Anglian Water spokesman, Antony Innes, said: “We have been working hard this week, in difficult conditions, to finish the last part of the emergency sewer repair project in Station Square, Lowestoft.

“Around 60 metres of sewer has been relined to improve its strength and durability, reducing the chances of a future collapse or blockage.

“Unfortunately, a small section of this relining has not worked as it should, meaning work will need to continue over the weekend to rectify the problem,” Mr Innes said.

“We are very sorry that this has delayed the conclusion of this project and will cause further disruption to residents and businesses over the weekend.

“Throughout this project we have been working hard to make sure repairs are completed as soon as possible. However, with such a complex job and in such bad weather there is always a chance of unexpected delays,” he added.

“Work remains ahead of schedule but we appreciate people may be frustrated it is taking longer than we thought it would a few days ago. “We share that frustration but will be working throughout the weekend to complete the job.”

The company also apologised for a blunder last week that led to it announcing the roadworks would be cleared between last Friday night and Tuesday in preparation for the final stage of the sewer repairs.

The “miscommunication” followed an earlier oversight by the region’s biggest water company which forgot to notify Waveney District Council about the work.

Anglian Water’s failure to contact the council gave the authority no time to prepare for the disruption caused by the work which has been blamed for traffic gridlock and a fall in takings at some town centre stores which claim people have been put off coming into Lowestoft to shop.

The final stages of the work on Thursday saw a protective “sock-like membrane” being fed into a 60m section of sewer before it was heated to cause it to set rock-hard.

Mr Innes said: “Anglian Water and contractors May Gurney have been working since late January to repair a collapsed section of sewer some 5m below the road surface.

“The last stage of this project is to coat the inside of almost 60m of sewer with a new lining to improve more of the sewers in Lowestoft.

“We will access the sewers via manholes, so that we don’t need to dig up the road. You could say this is keyhole surgery for sewers.

“A sock-like membrane will be fed into the sewer, before it is heated to set it rock-hard.
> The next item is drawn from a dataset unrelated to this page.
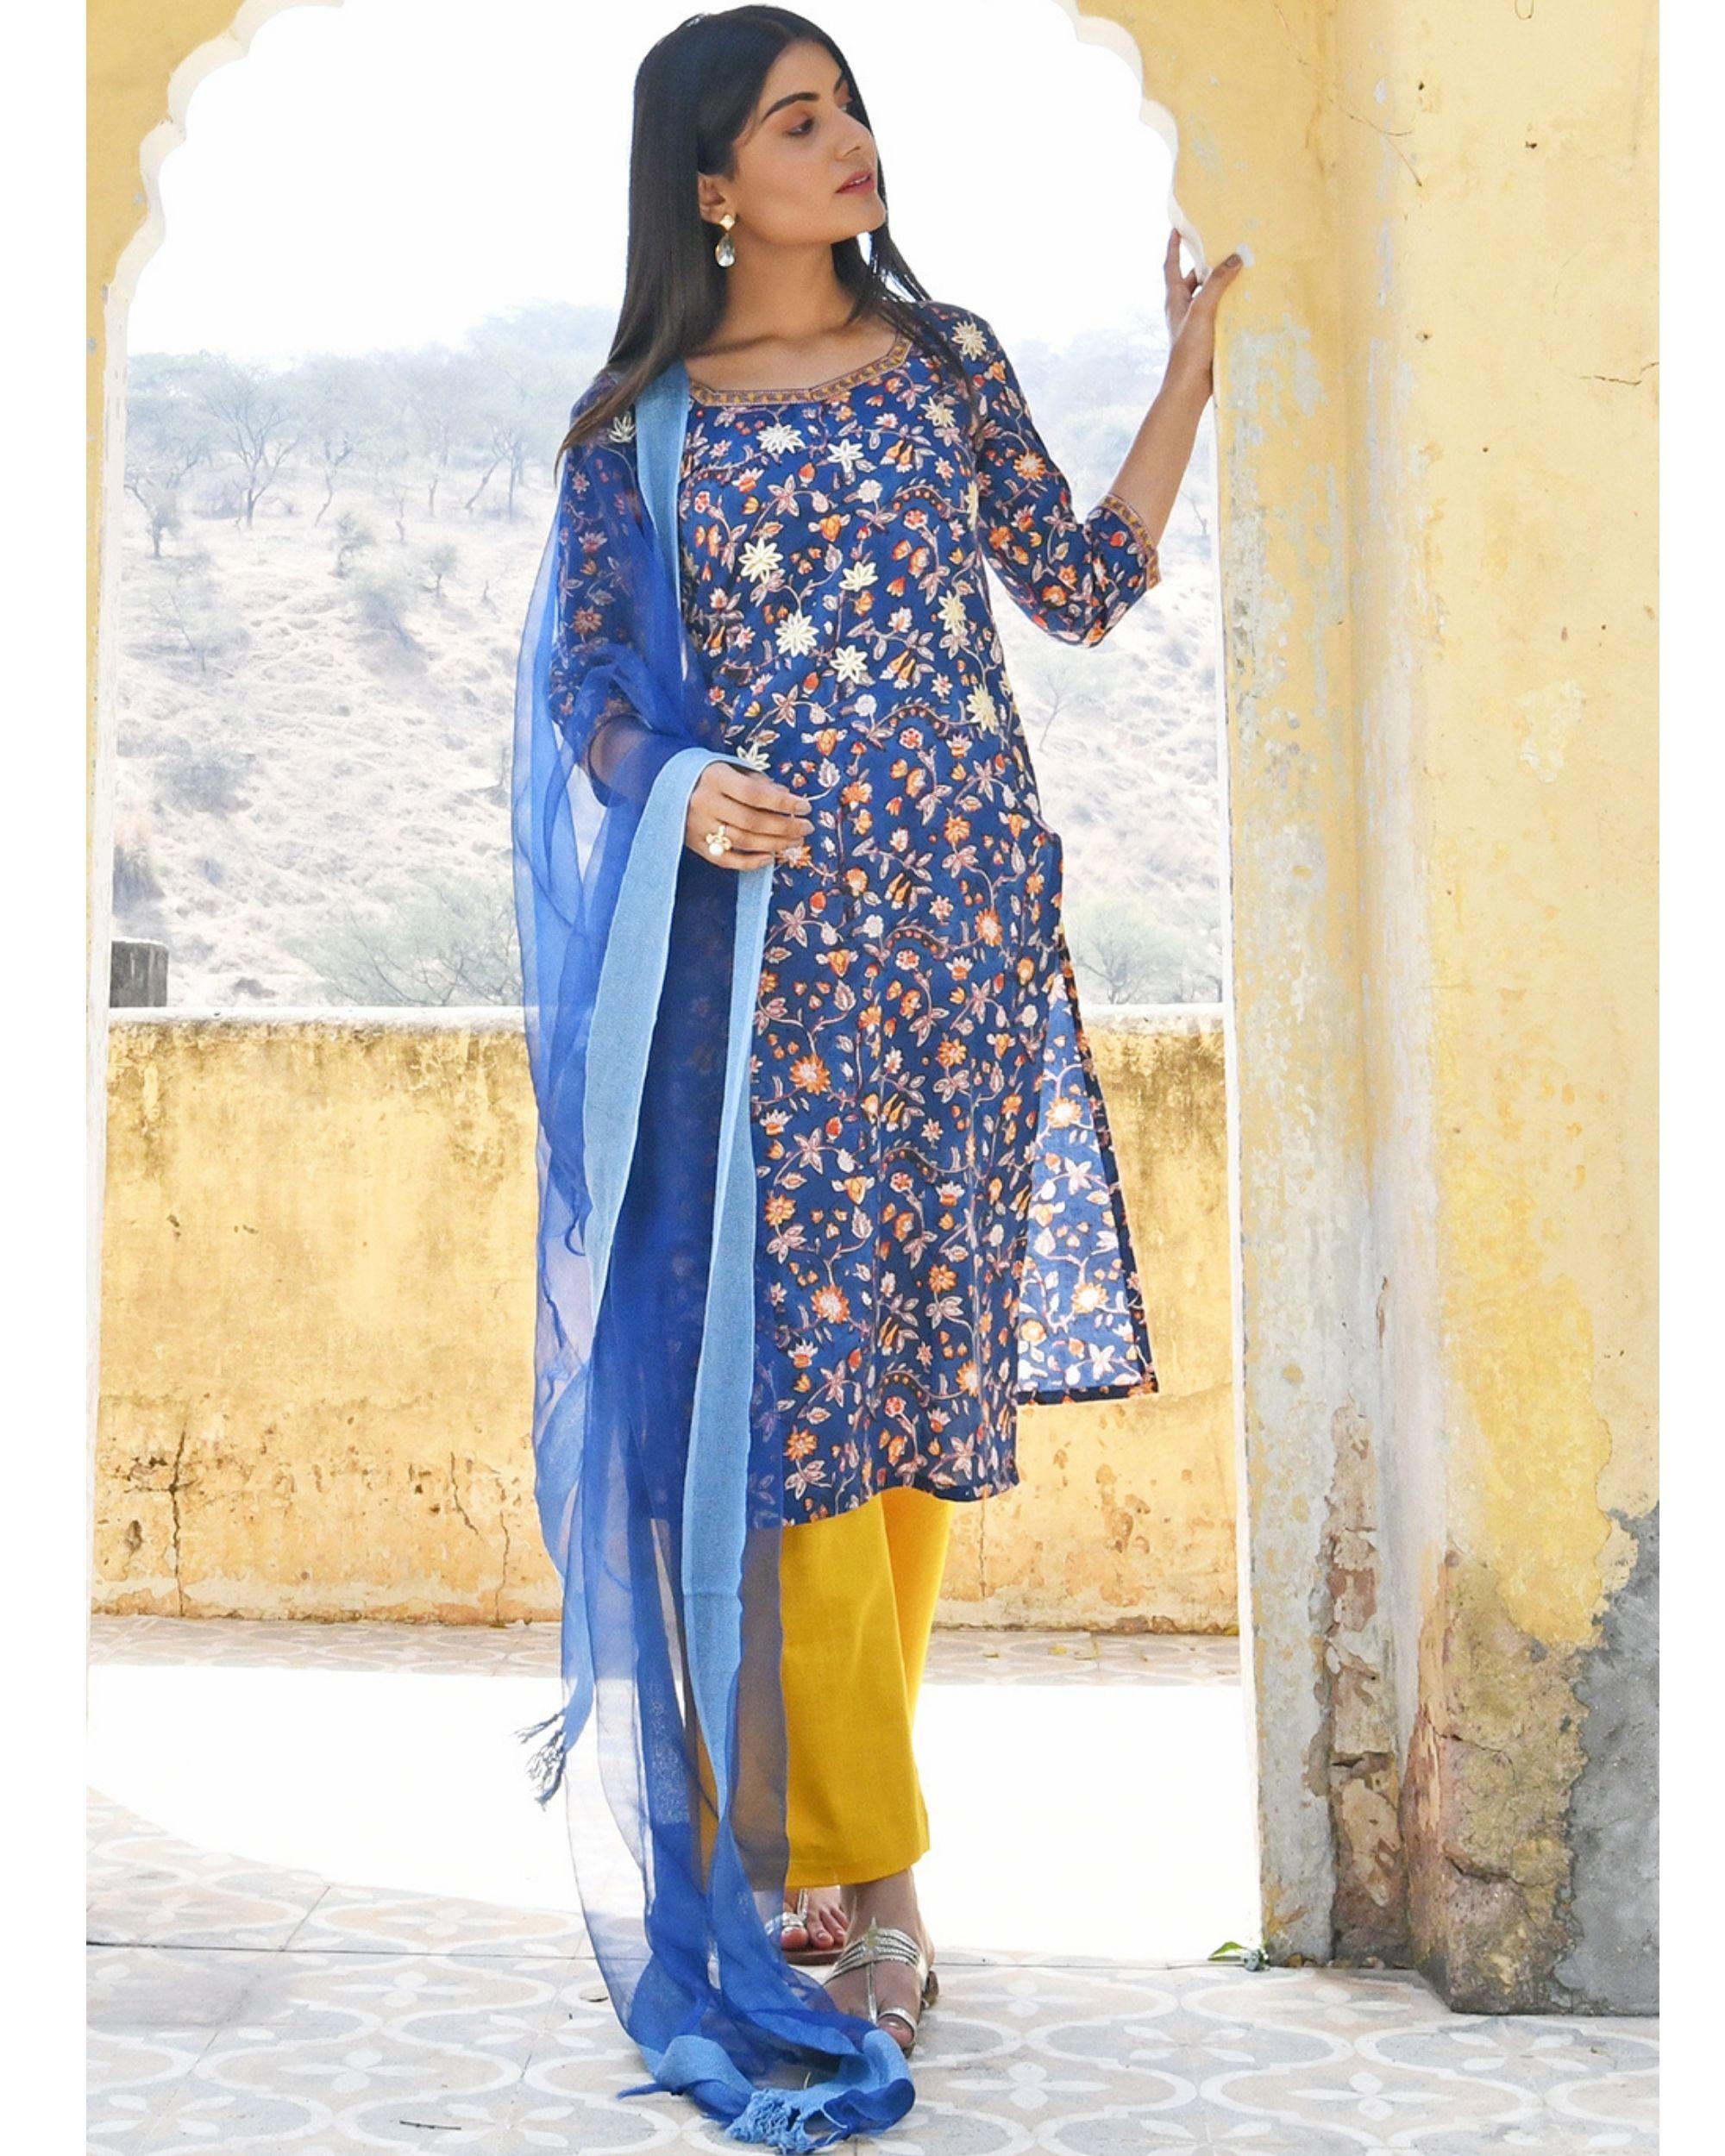 Dark blue floral printed kurta with yellow pants and dupatta - set of three
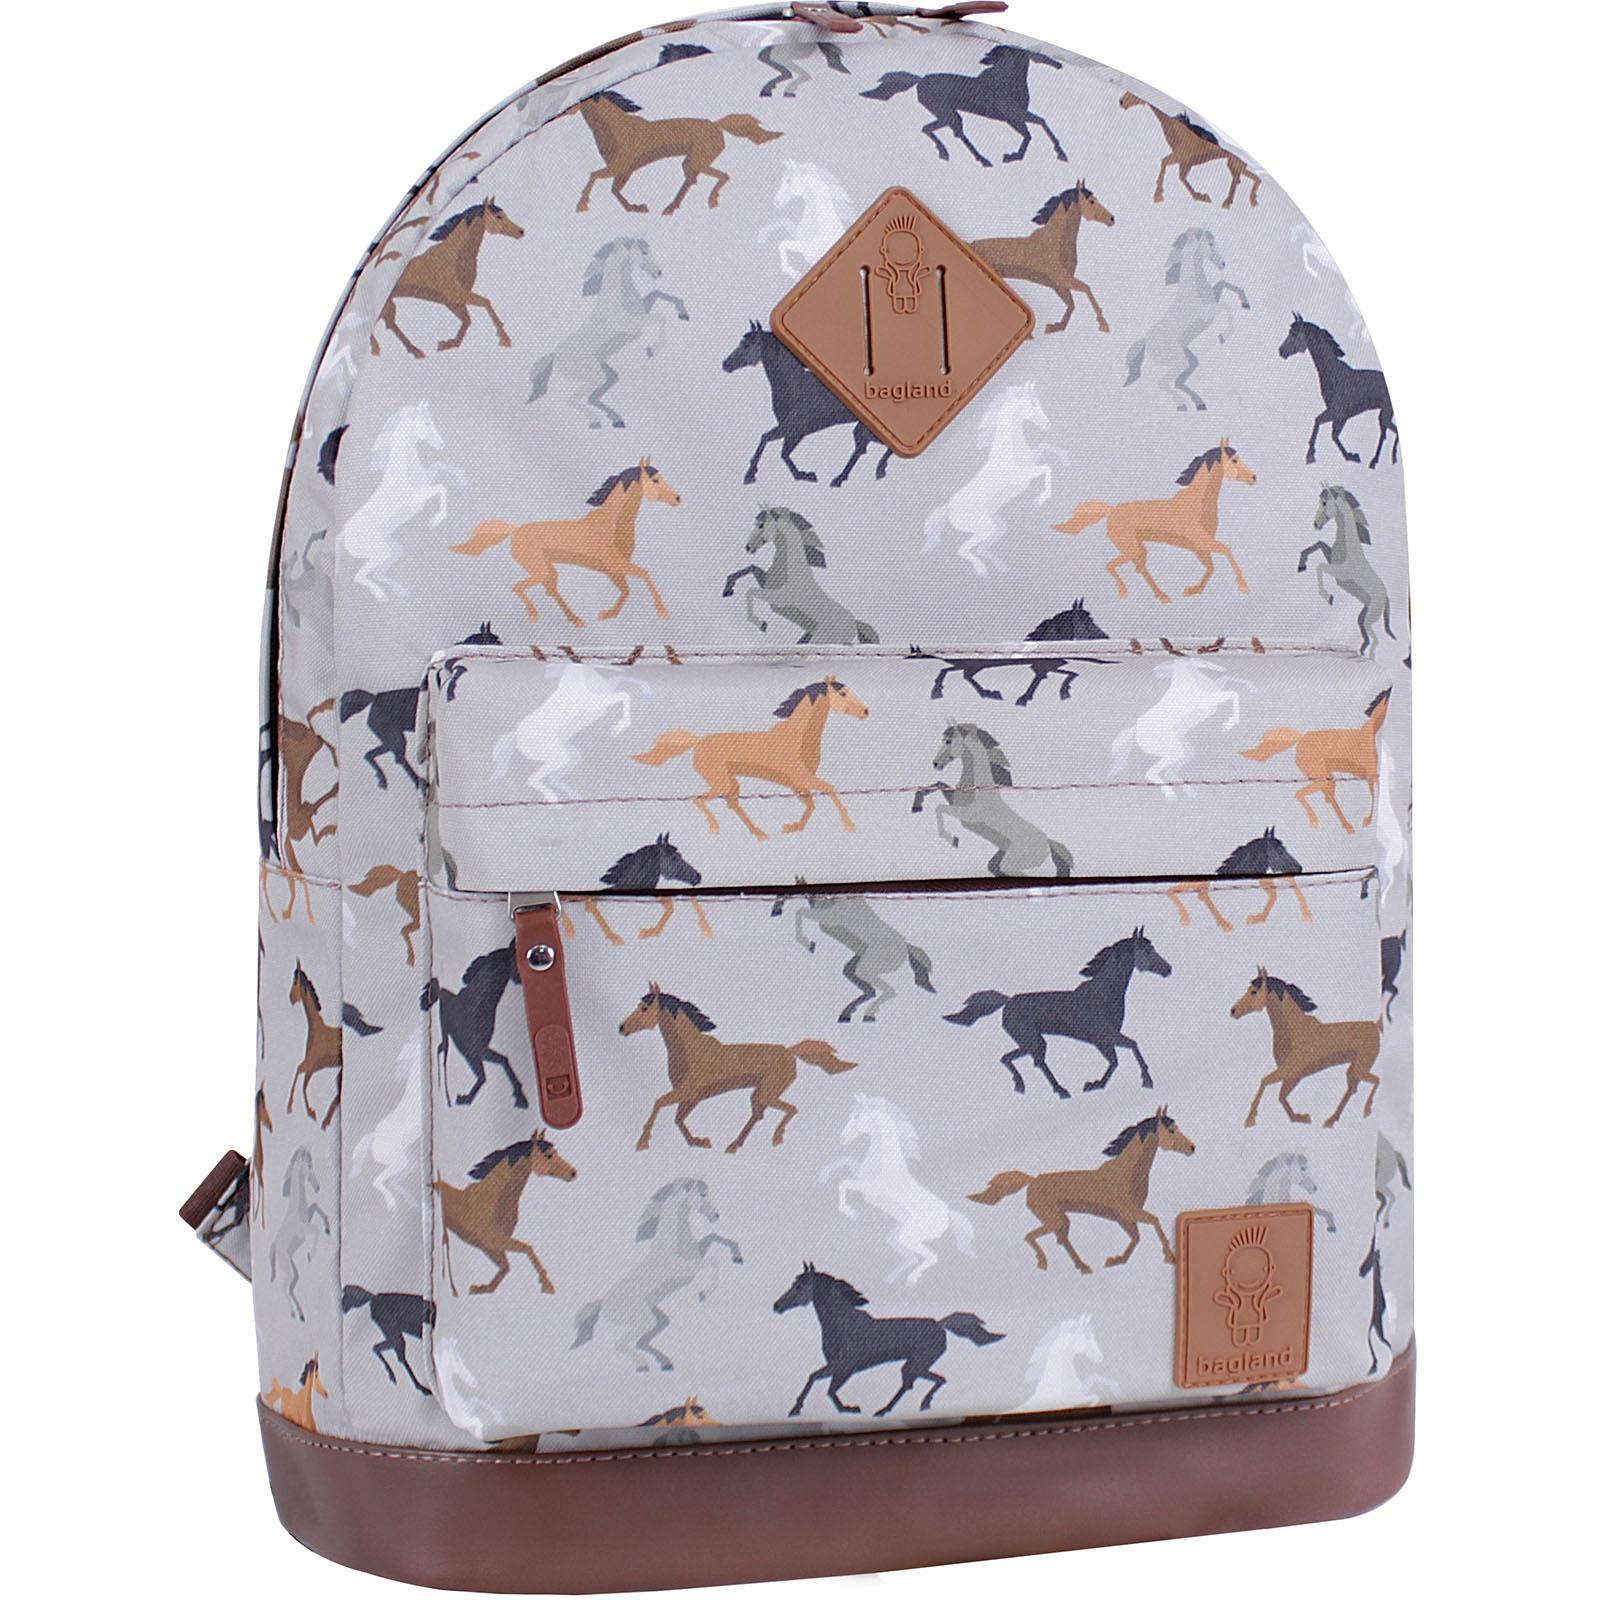 Городские рюкзаки Рюкзак Bagland Молодежный 17 л. сублимация (лошади) (005336640) IMG_4439_суб.85_.JPG

This new lining coats the inside of the pipe, significantly reducing the chances of further collapses and blockages.”

As previously reported, Stephen Baker, the chief executive of Waveney District Council, sent a strongly-worded letter to Anglian Water asking why the council had not been formally told about the work, which was initially earmarked to last five weeks.

He was incensed after finding out about the repairs and resulting diversion after reading details in The Journal.

Lowestoft mayor Tod Sullivan and Waveney MP Peter Aldous also voiced their concerns over Anglian Water’s lack of communication, and businesses including Palmers and Godfreys said it had led to a loss in trade.

However, locals say the traffic problems were not solely down to the sewer repairs and, once again, it highlighted the need for a third crossing to relieve congestion in the town centre.